Network Working Group                                    Hirosi Maruyama
INTERNET-DRAFT                                               Kent Tamura
September 1999                                           Naohiko Uramoto
Expires: March 2000                                                  IBM
draft-ietf-trade-hiroshi-dom-hash-03.txt



                    Digest Values for DOM (DOMHASH)
                    ------ ------ --- --- ---------

                            Hiroshi Maruyama
                              Kent Tamura
                            Naohiko Uramoto



Status of This Document

   This draft, file name draft-ietf-trade-hiroshi-dom-hash-03.txt, is
   intended to be become an Informational RFC.  Distribution of this
   document is unlimited.
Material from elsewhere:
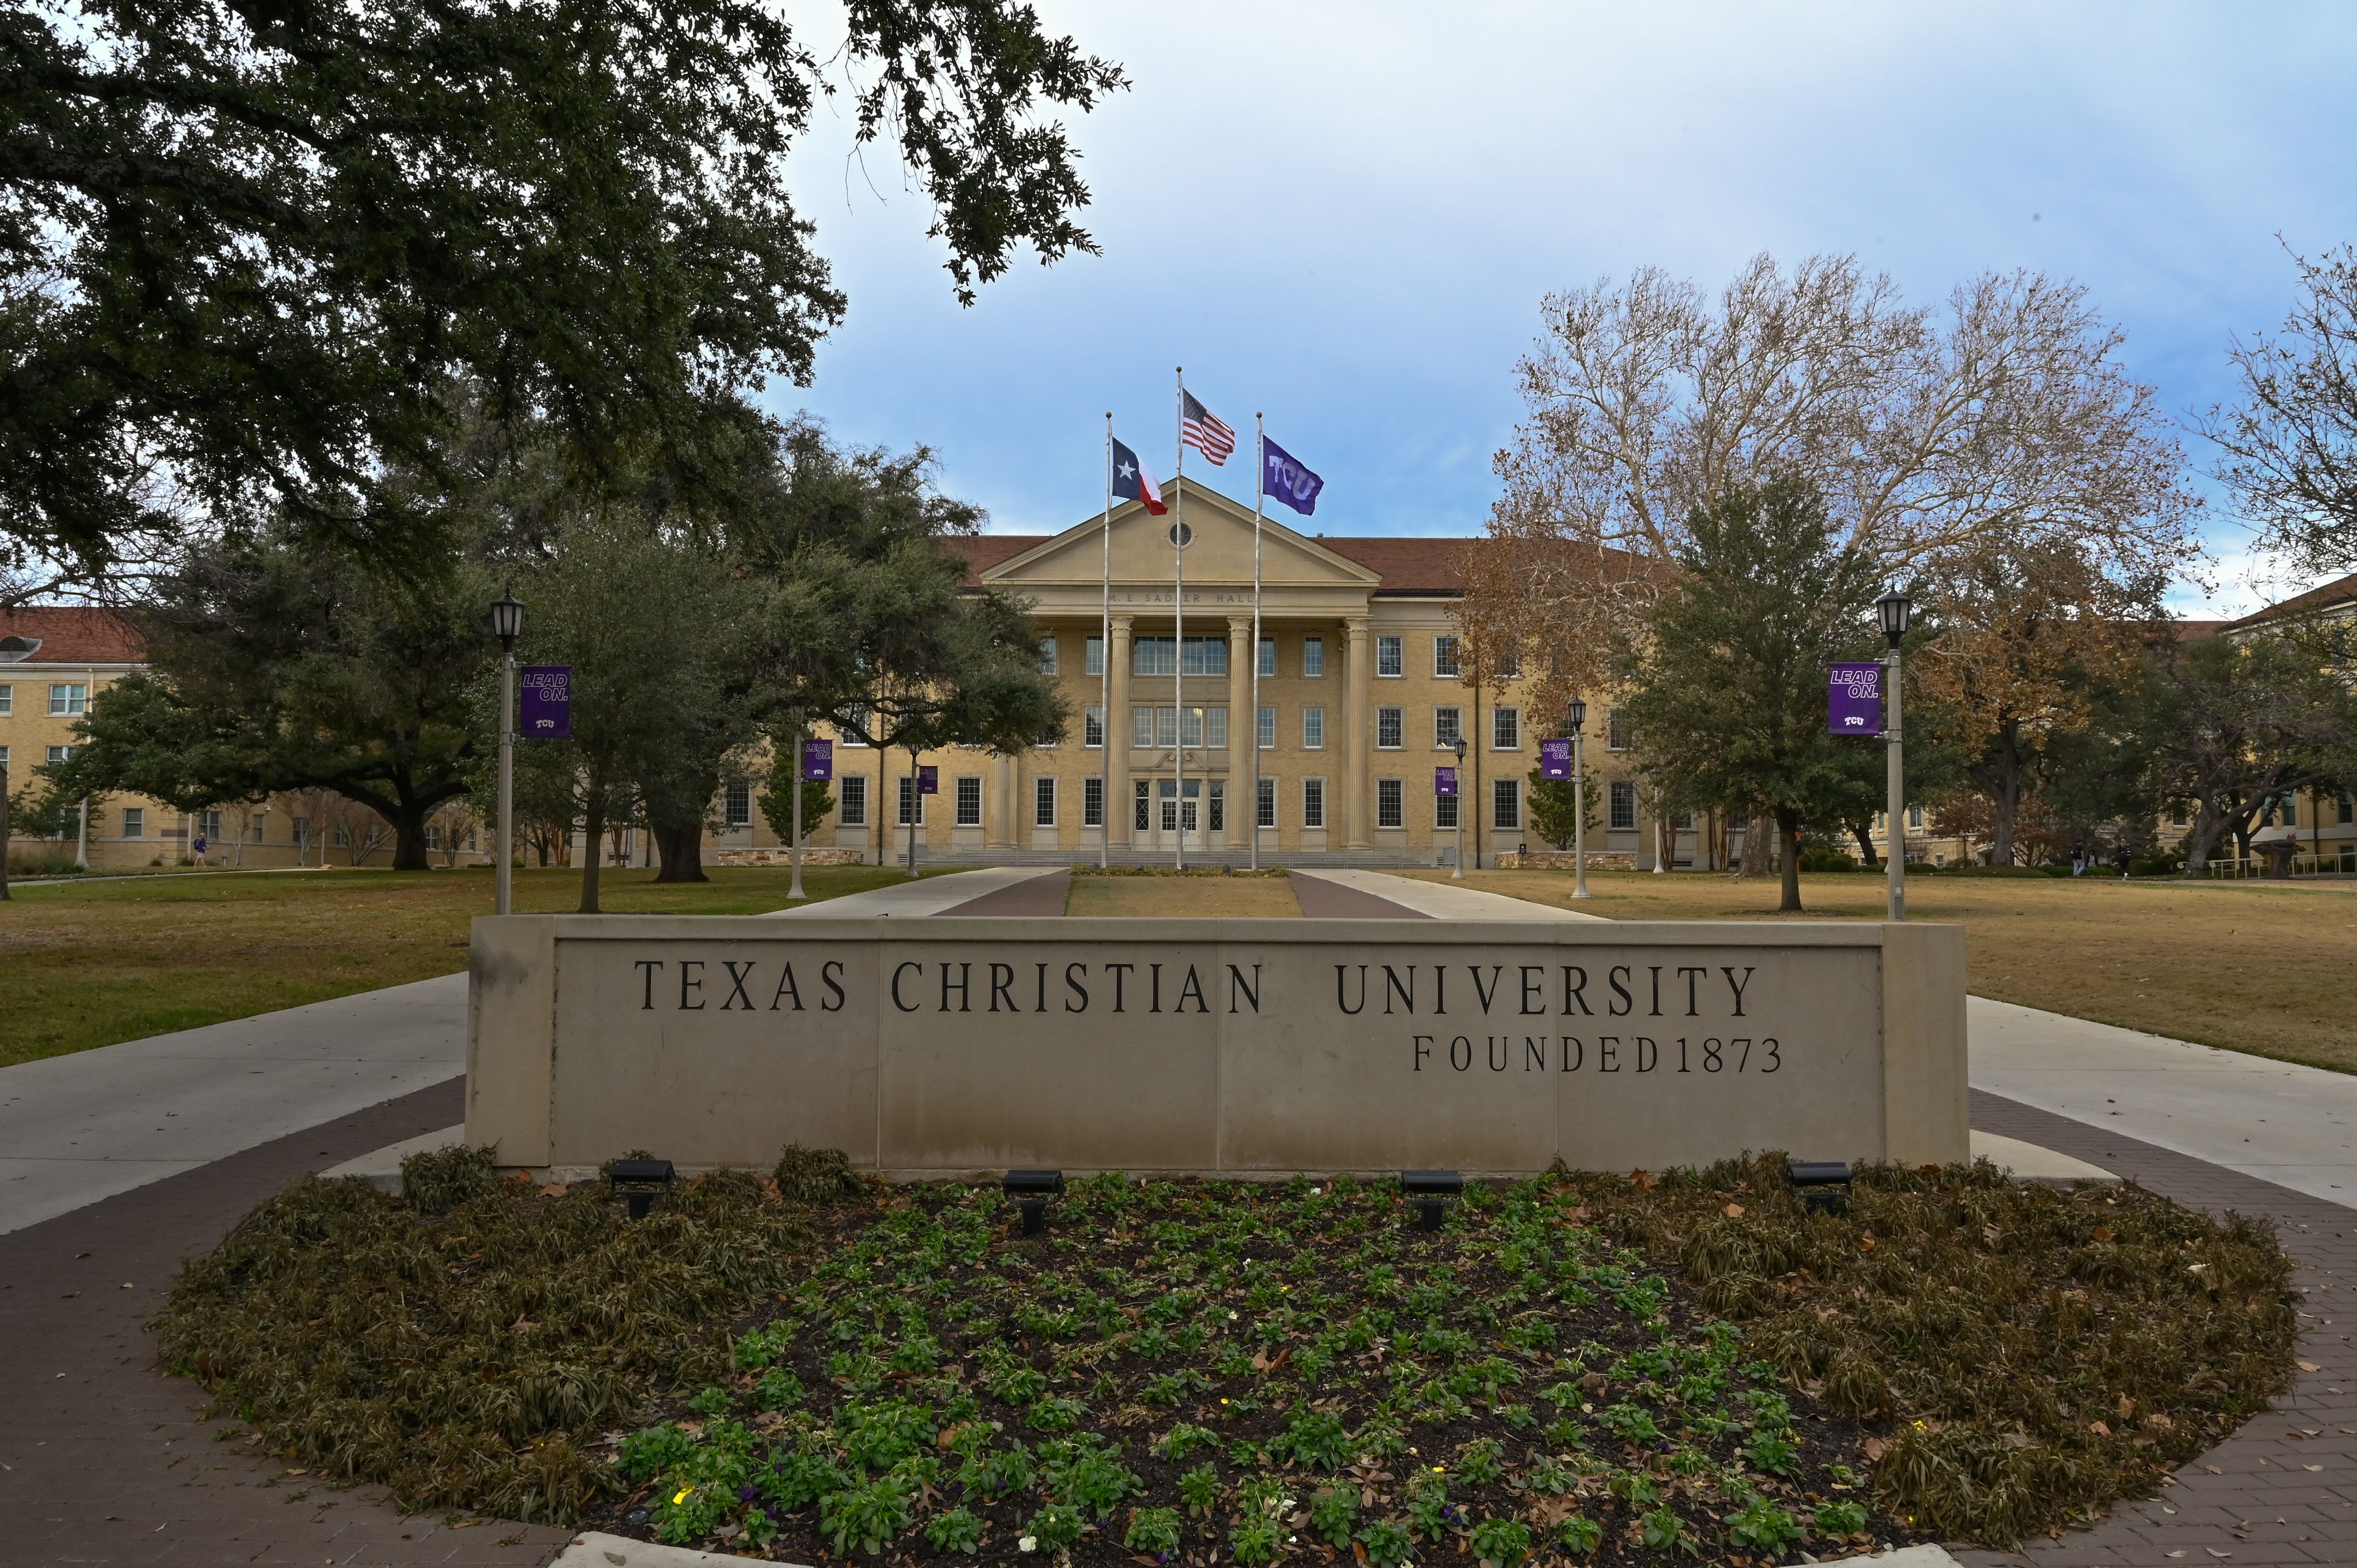 A view of Sadler Hall on the campus of Texas Christian University in Fort Worth, Texas in January 2022. TCU is celebrating it's 150th anniversary in fall 2022. Photo by Claire Powell.

Comments should be sent to the authors or the
   IETF TRADE working group mailing list <ietf-trade@elistx.com>.

   This document is an Internet-Draft and is in full conformance with
   all provisions of Section 10 of RFC2026.  Internet-Drafts are working
   documents of the Internet Engineering Task Force (IETF), its areas,
   and its working groups.  Note that other groups may also distribute
   working documents as Internet-Drafts.

   Internet-Drafts are draft documents valid for a maximum of six
   months.  Internet-Drafts may be updated, replaced, or obsoleted by
   other documents at any time.  It is not appropriate to use Internet-
   Drafts as reference material or to cite them other than as a
   ``working draft'' or ``work in progress.''

   The list of current Internet-Drafts can be accessed at
   http://www.ietf.org/ietf/1id-abstracts.txt

   The list of Internet-Draft Shadow Directories can be accessed at
   http://www.ietf.org/shadow.html.

   To view the entire list of current Internet-Drafts, please check the
   "1id-abstracts.txt" listing contained in the Internet-Drafts Shadow
   Directories as listed at <http://www.ietf.org/shadow.html>.



Abstract

   This internet draft defines a clear and unambiguous definition of
   digest (hash) values of the XML objects regardless of the surface
   string variation of XML. This definition can be used for XML digital
   signature as well efficient replication of XML objects.








H. Maruyama, K. Tamura, & N. Uramoto                            [Page 1]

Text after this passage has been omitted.